Frequently Asked Questions About Brewery, Winery, and Distillery Compliance Training
What is the best compliance training platform for breweries and distilleries?
For alcohol producers, Coggno combines OSHA safety training — confined space, hearing conservation, forklift, machine guarding, hazard communication — with state-specific alcohol server certification courses in one subscription of 10,000+ courses from 50+ content partners. Completion records export in audit-ready format for OSHA and state alcohol board review, and Course Dispatch delivers SCORM packages into any existing LMS.
How do multi-state alcohol producers manage server certification across tasting rooms?
Multi-state producers assign state-matched server courses by location — OLCC training for Oregon staff, RAMP for Pennsylvania, ABC server permits for Tennessee — and track expiration dates centrally. In Coggno’s LMS, role-based assignment routes each tasting room’s staff to the correct state course automatically, and completion data rolls up to one dashboard so renewal gaps surface before a state audit finds them.
Are fermentation tanks considered confined spaces under OSHA?
Yes, when an employee can bodily enter them. Fermenters, brite tanks, mash tuns, and wine tanks meet the confined-space definition, and CO2 from fermentation typically makes them permit-required under 1910.146. That triggers written entry permits, atmospheric testing, an attendant, rescue planning, and documented training for entrants, attendants, and entry supervisors.
Does TTB require employee training?
Not directly — TTB requires accurate daily records, monthly physical inventories, and timely operational reports, with records retained for 3 years. Those obligations fail without trained staff, and TTB brewery audits repeatedly flag daily records that don’t support report entries. Producers should treat recordkeeping training for production and finance staff as a TTB compliance control, with at least two people trained per facility.
When does a brewery need a hearing conservation program?
When any employee’s noise exposure reaches an 8-hour time-weighted average of 85 decibels — a threshold packaging lines commonly exceed. At that point 1910.95 requires noise monitoring, baseline and annual audiometric testing, hearing protection, and annual training for every exposed employee. If you have never measured noise on your bottling or canning line, a sound-level survey is the first step.

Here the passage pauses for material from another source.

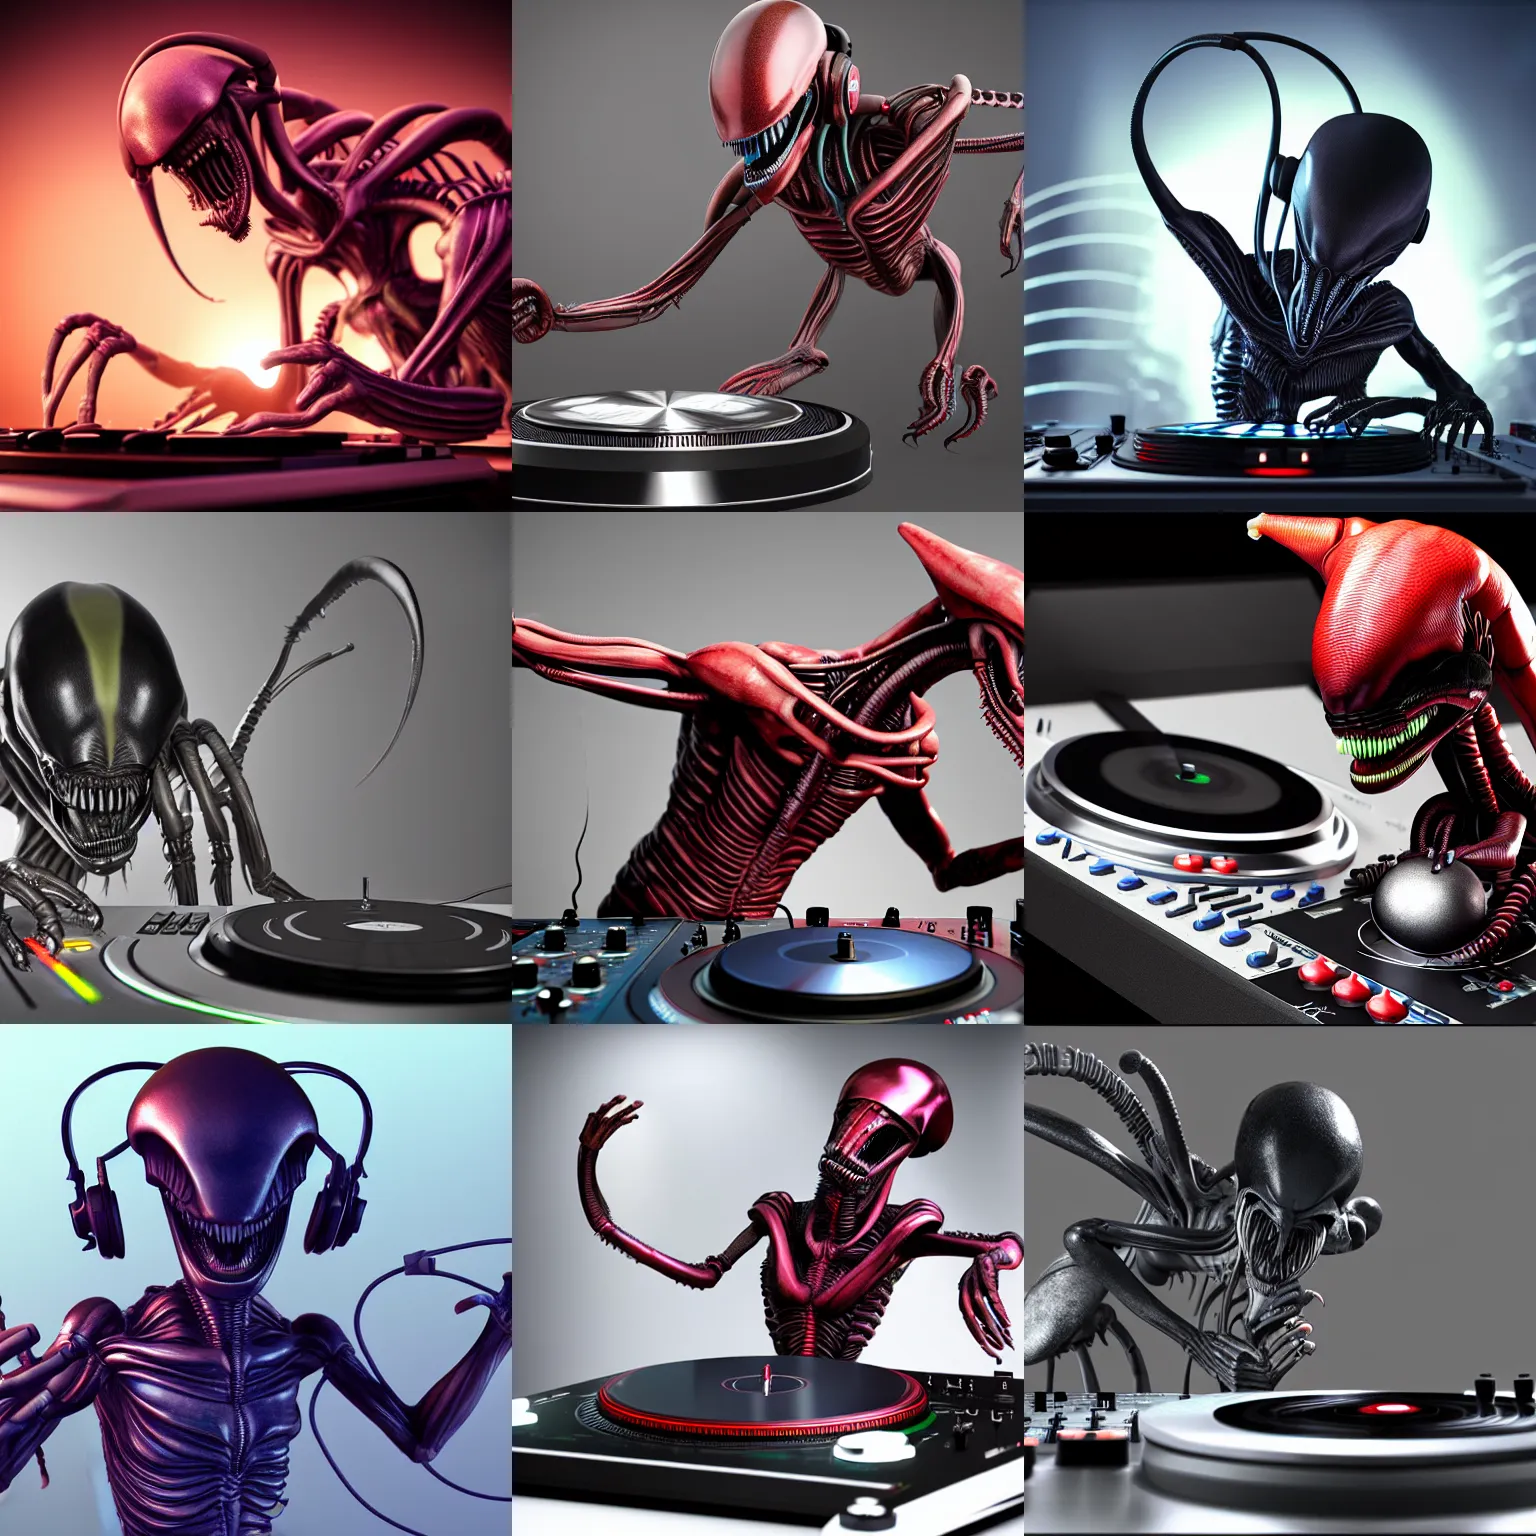 Prompt: 3d render of photoreal xenomorph alien with headphones DJing with DJ turntables, unreal

Do tasting room staff need alcohol server certification?
In many states, yes — and the requirement attaches to the server, not just the license holder. Oregon requires an OLCC service permit before pouring, Pennsylvania licensees operate under RAMP requirements, and Tennessee requires an ABC server permit. Other states make training voluntary but offer liability protection to licensees whose staff are certified. Check your state board’s rule before your next festival season.
What OSHA training does a small 5-person brewery legally need?
Headcount doesn’t exempt you. If employees enter tanks, you need a full permit-required confined space program with trained entrants and attendants. If anyone drives a forklift, they need certification with an evaluation at least every 3 years. Hazard communication training applies to anyone handling CIP caustics or sanitizers, and noise exposure on packaging equipment can trigger hearing conservation obligations regardless of company size.